Feelings were a phenomenon Ryan wrote about, not experienced. That may sound impossible to anyone else, but it is, for all intents and purposes, true; he read so many things before he could ever possibly live out normal events in his ‘real’ life that nothing was new. Hell, he saw words on paper first, ended up pronouncing them way wrong when the time came to speak out loud. Anyway, the gist was as follows: someone would piss him off, or depress him, or make him unbelievably happy, and it became something to narrate in his head, a complete third-person observation of his own life. Instead of being in the moment, everything was depicted in an intricate painting of words, sometimes transferred to paper if he had the opportunity, otherwise written in disappearing ink in his mind. Nothing was personal, or moving, or even captured his attention beyond the time it took him to comprehend it enough to verbalize. Everything was material, nothing more.

With Brendon, his likeness appeared so often in Ryan’s personal entries, in his professional and published writings, that it seemed there was hardly anything left of him to stay in Ryan’s head, just as with everything else. Just the opposite was true - he was so endlessly fascinating that he found his way back to the forefront regularly. He didn’t necessarily have to be around, Ryan didn’t even have to see him. Music would be playing, and he’d hear a tune he knew Brendon might like, and that thought would lead into wondering what he might be playing if he was in charge of the station, and that would lead into wondering what music he’d made in the past, so forth. He’d take steps two at a time in his house for the first time ever and realize some hours later that he’d been imitating Brendon. He’d start waking up late into the night if he wasn’t up already just for the chance to see Brendon at the same odd hour, even if he didn’t consciously make that choice.

No one, not even his old best friends, had managed to capture Ryan’s attention like that. And if he put forth the effort to understand the emotional underlay for all of these thoughts, passing or otherwise, he’d realize that Brendon had instilled actual feeling, too, for once. But Brendon and Ryan were very different people. Whereas Brendon had taken the time to come to terms with how he felt about his new housemate and what their friendship had blossomed into, Ryan understood, simply, that he enjoyed Brendon’s presence. If he were any sensible person, he’d know that that wasn’t quite an answer for what they were, and it was a pale explanation for everything he’d ever written or thought of Brendon. So maybe the idea of change was a little scary for him, and he knew if he really addressed The Brendon Problem, change would definitely come.

Now, though.

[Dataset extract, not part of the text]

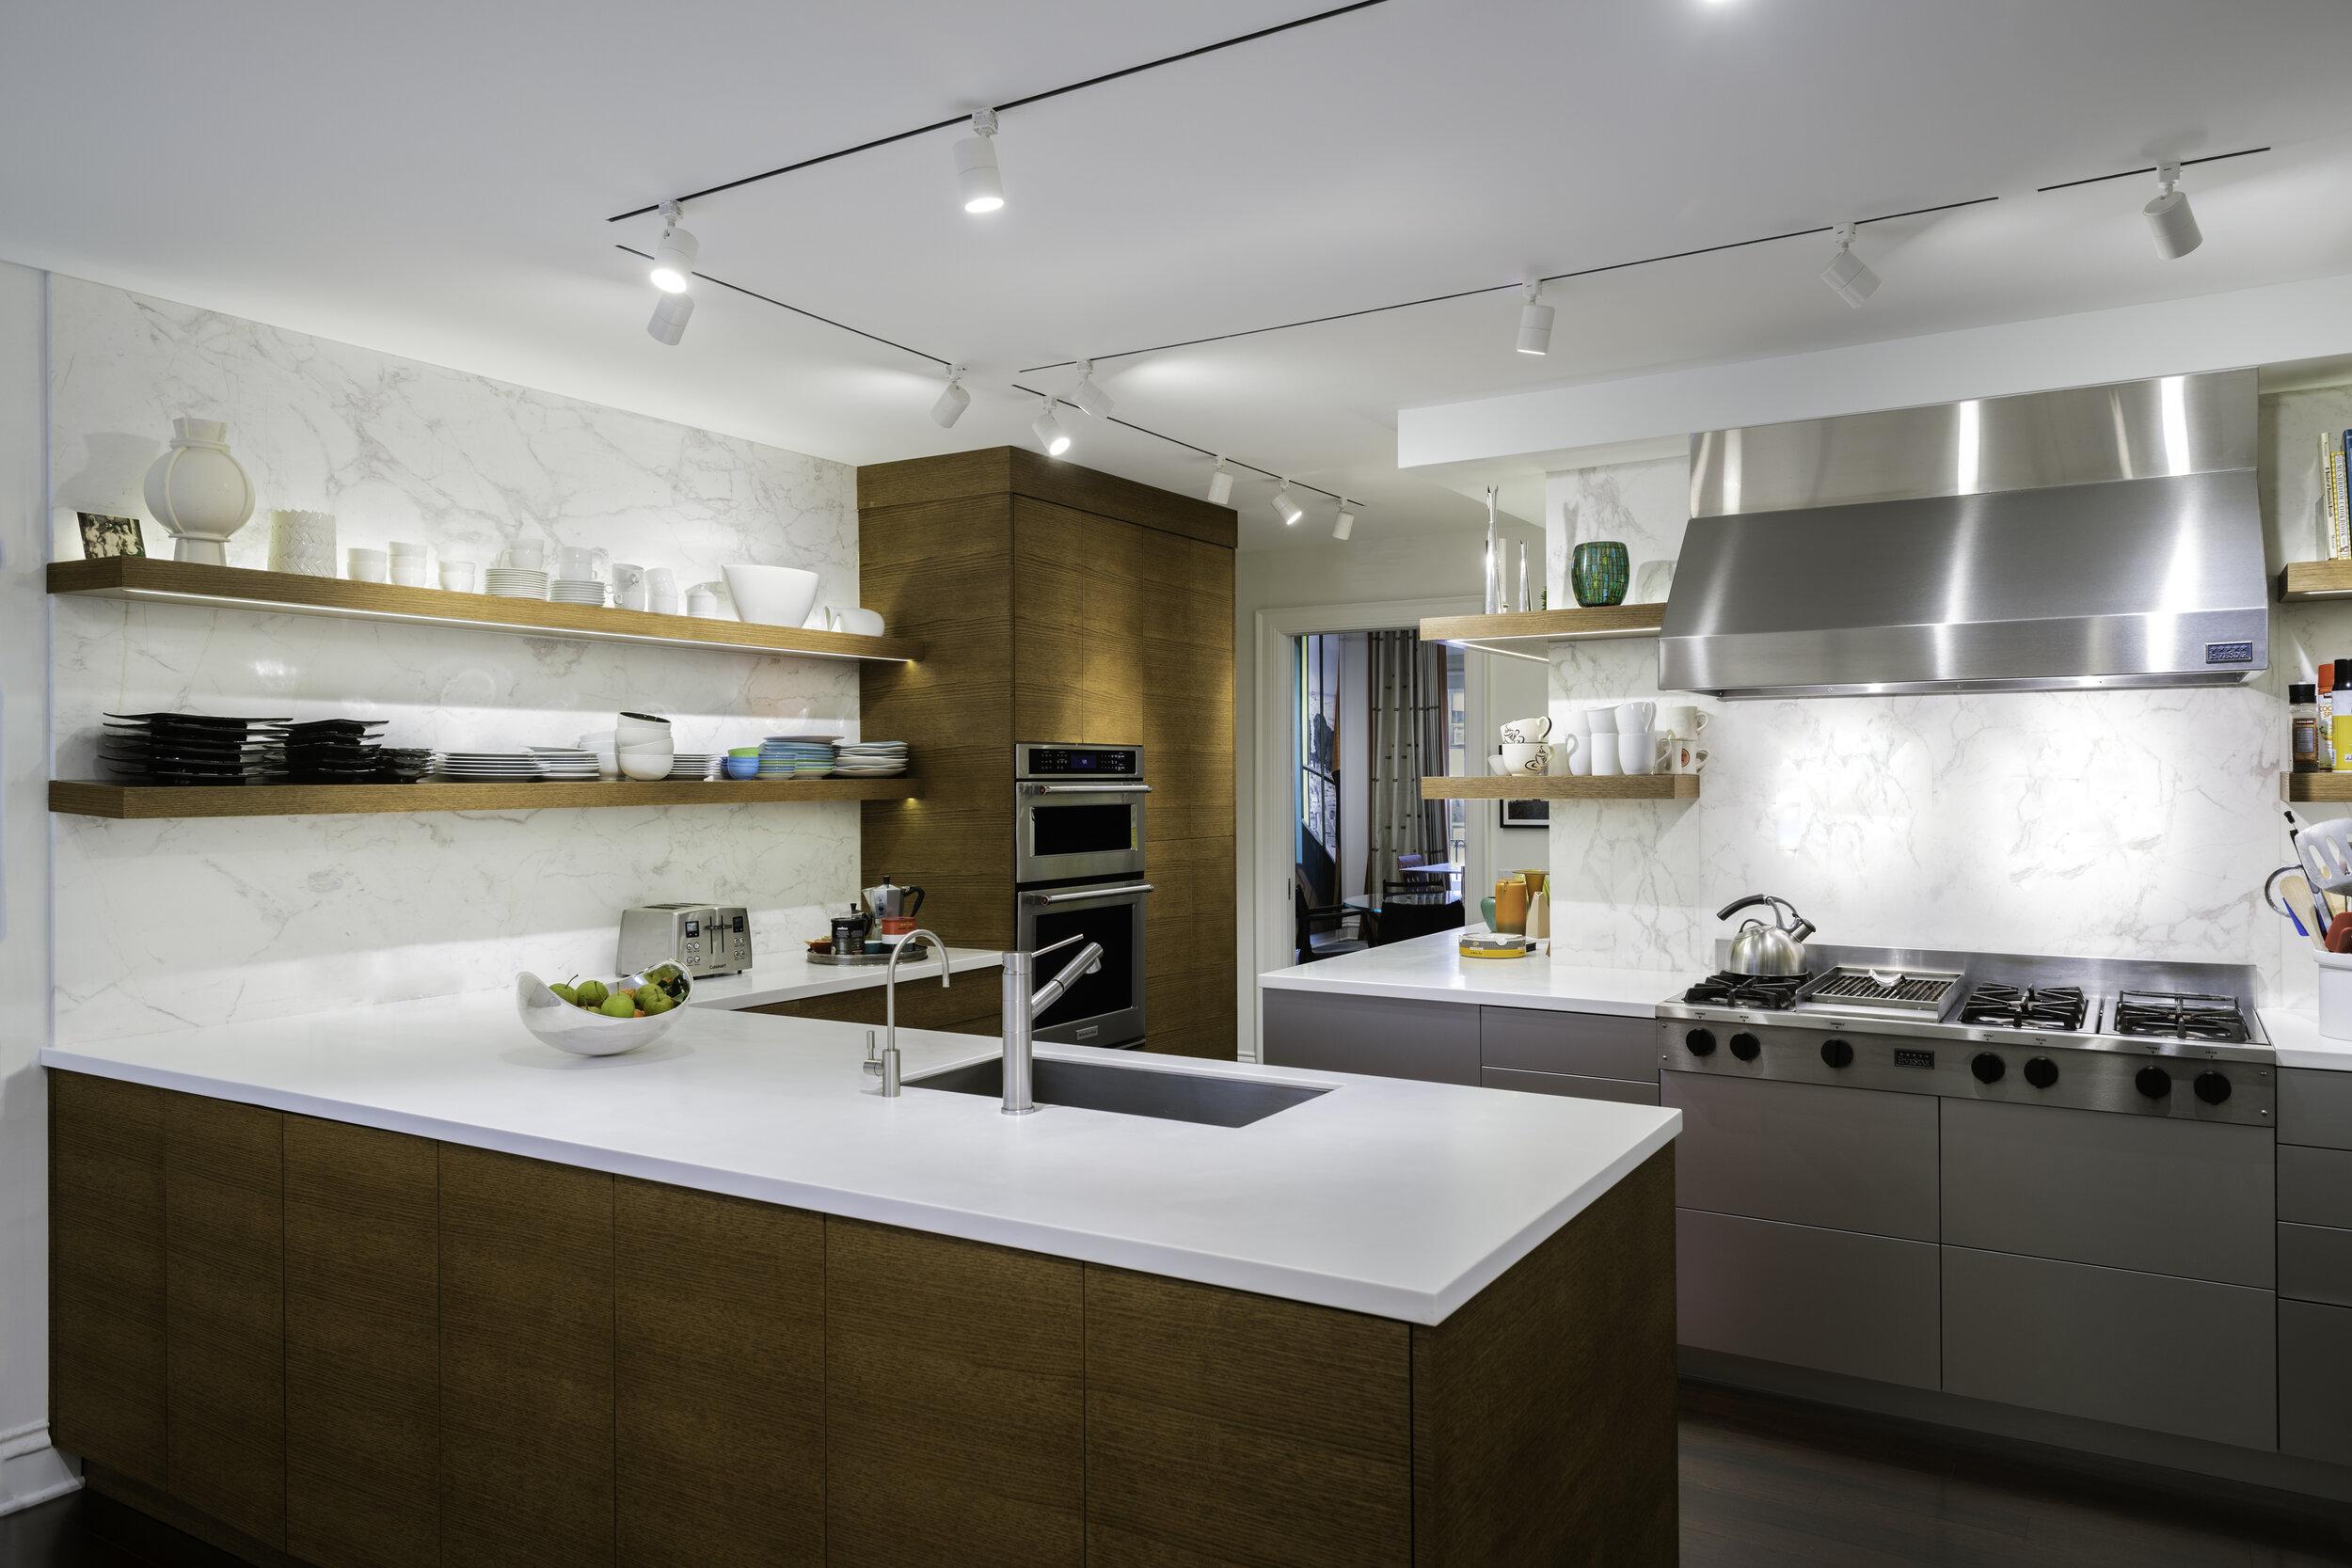 Koppel Kitchen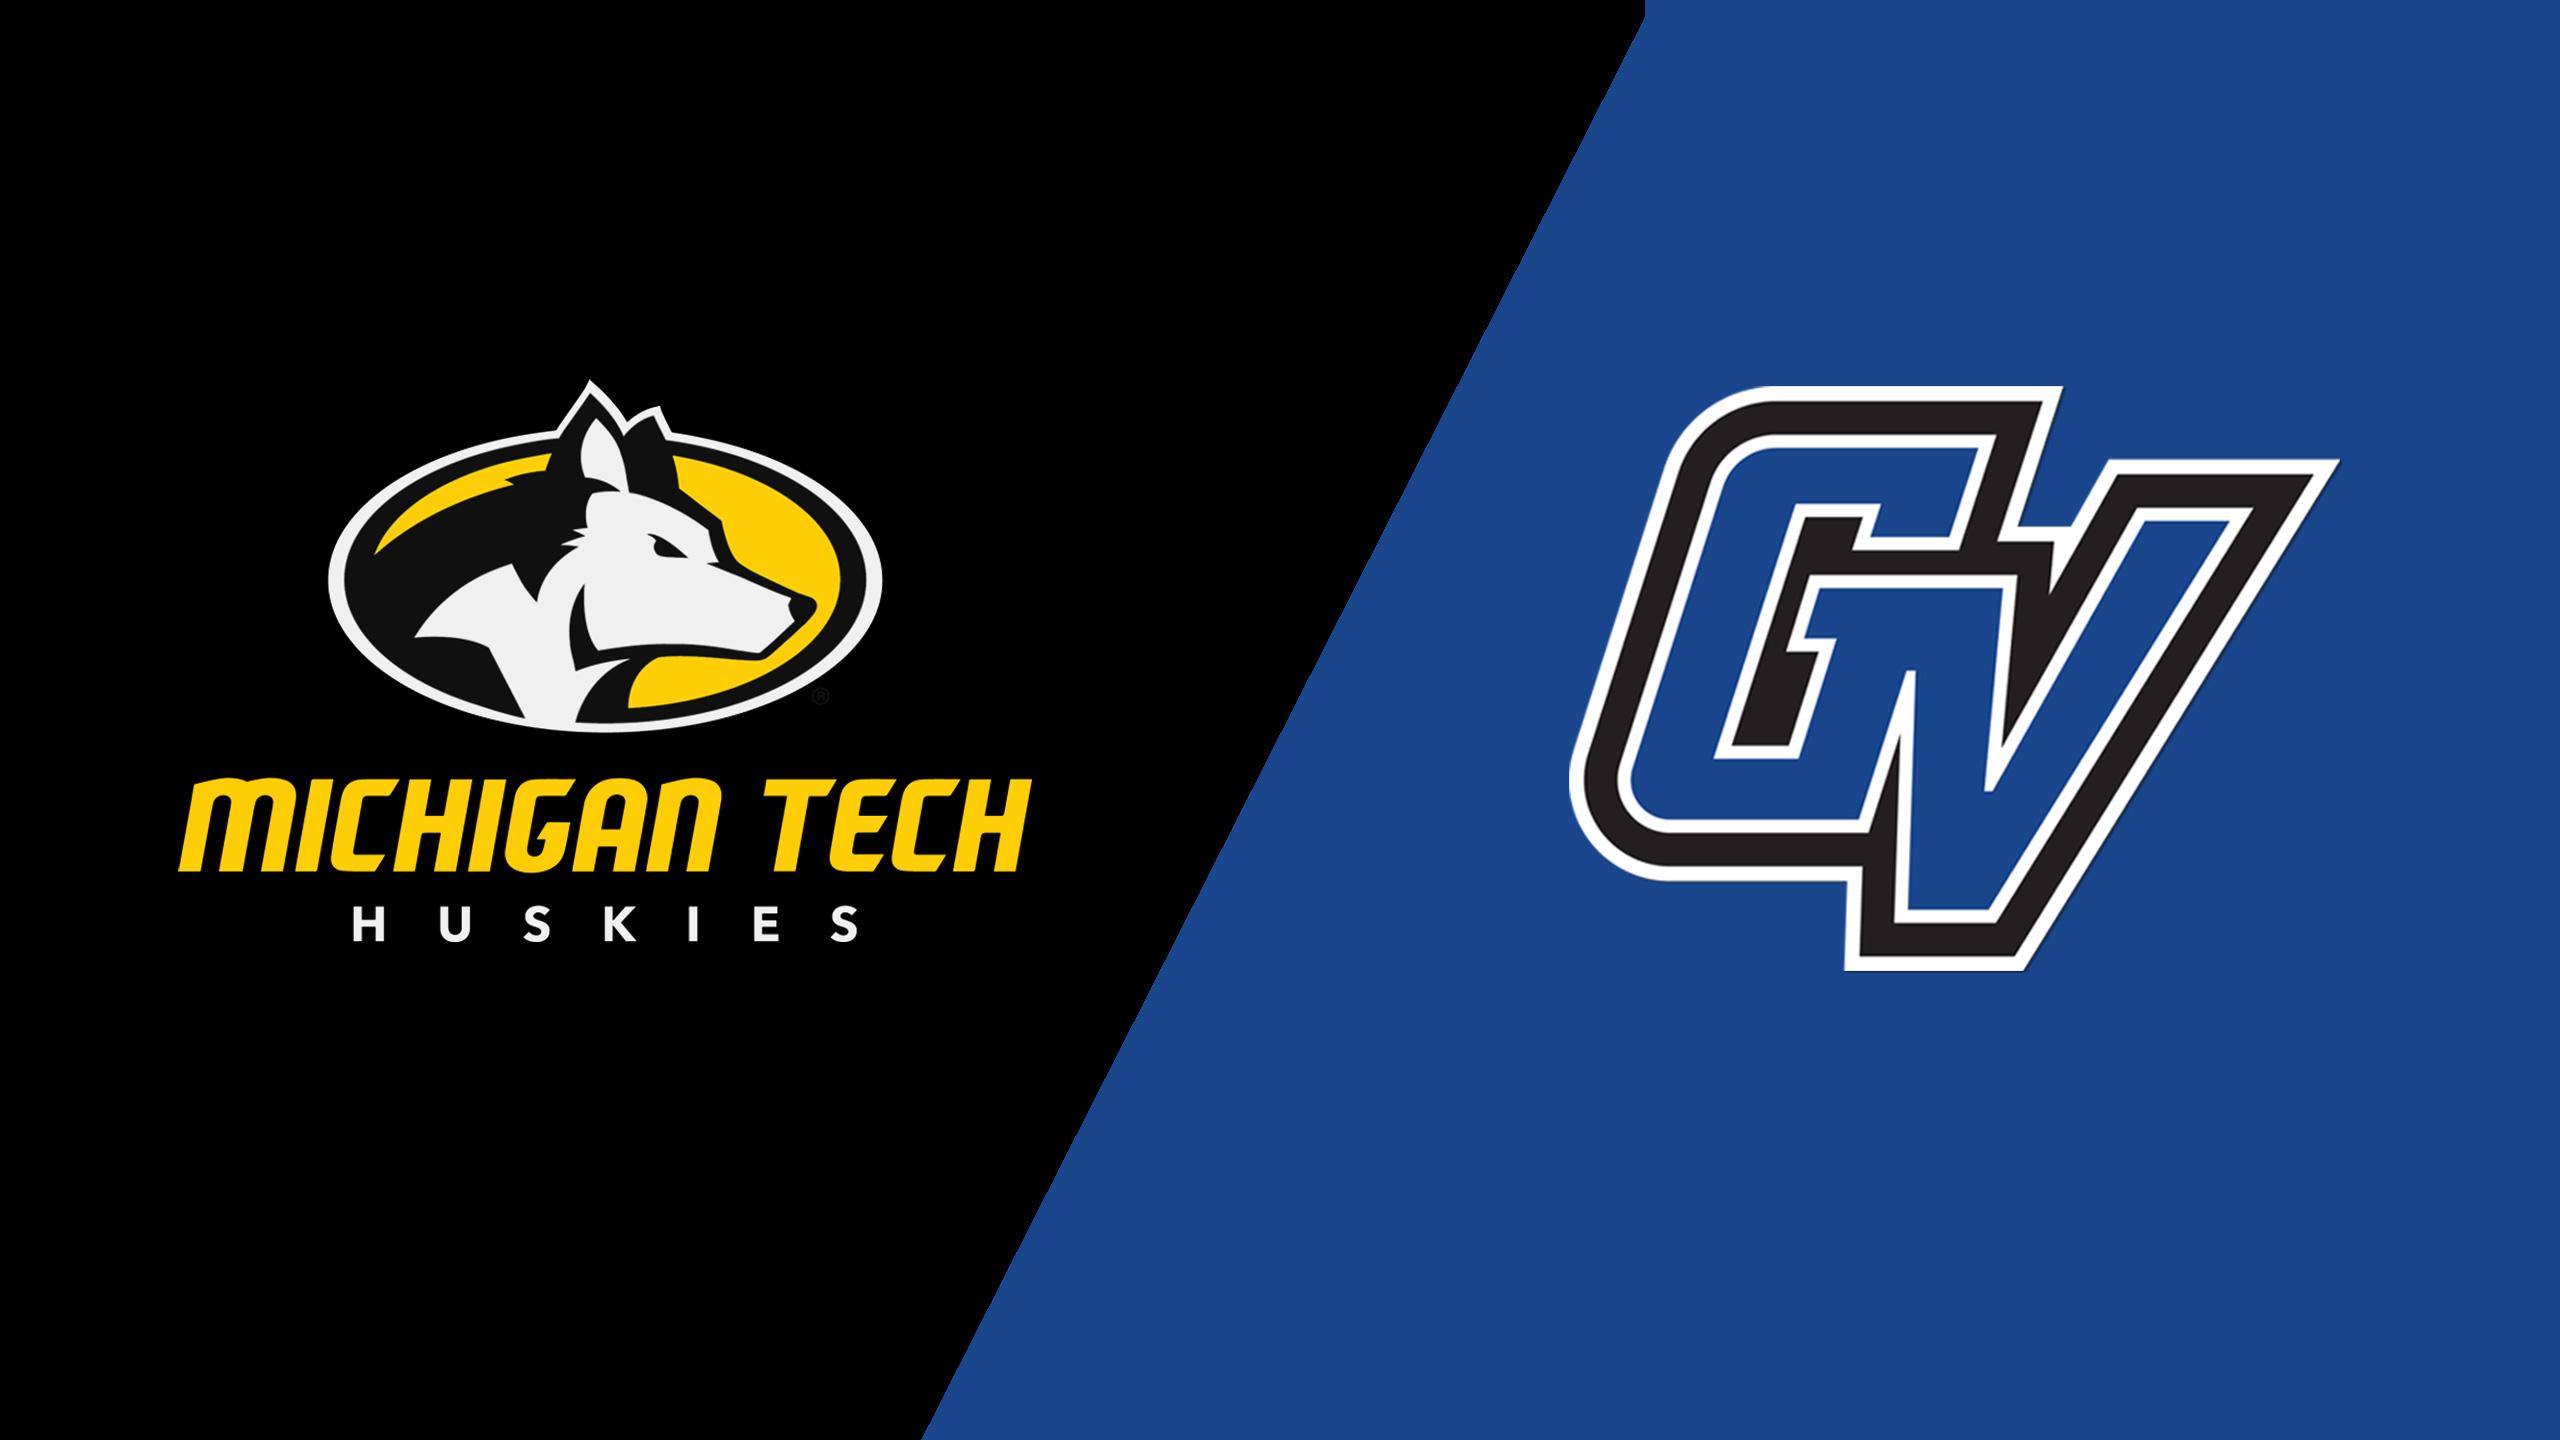 Michigan Tech vs. Grand Valley State (Football)

Change was already in the works. Brendon wasn’t the type to act like nothing had happened... and even if he was, Ryan wasn’t so sure he’d be able to go about doing the same, even if he was definitely the type. Because it was Brendon. Thus far, he threw Ryan for a loop in pretty much every aspect of life.

So he had no choice but to actually not be avoidant, for once.

He was surprised Brendon even opened the door, but. The way he couldn’t even look up. Ryan knew he cared about him, but the amount of secondhand hurt the sight of Brendon brought him was unexpected; he’d do anything to make him feel better, he couldn’t bear to see it. The image of Ryan lifting Brendon’s chin until their gazes met, holding him close, hand cradling his head - it all passed behind his eyes in a split second, and Ryan was a little unnerved by his own hasty thought process. No was Brendon’s tiny response, and, well - at least he was honest. Ryan sat with the fact that his current state was his fault alone for a moment, feeling absolutely dreadful, and living out the emotion in first person. It was a bizarre feeling. He was here, not the narrator. It was the two of them, not two characters.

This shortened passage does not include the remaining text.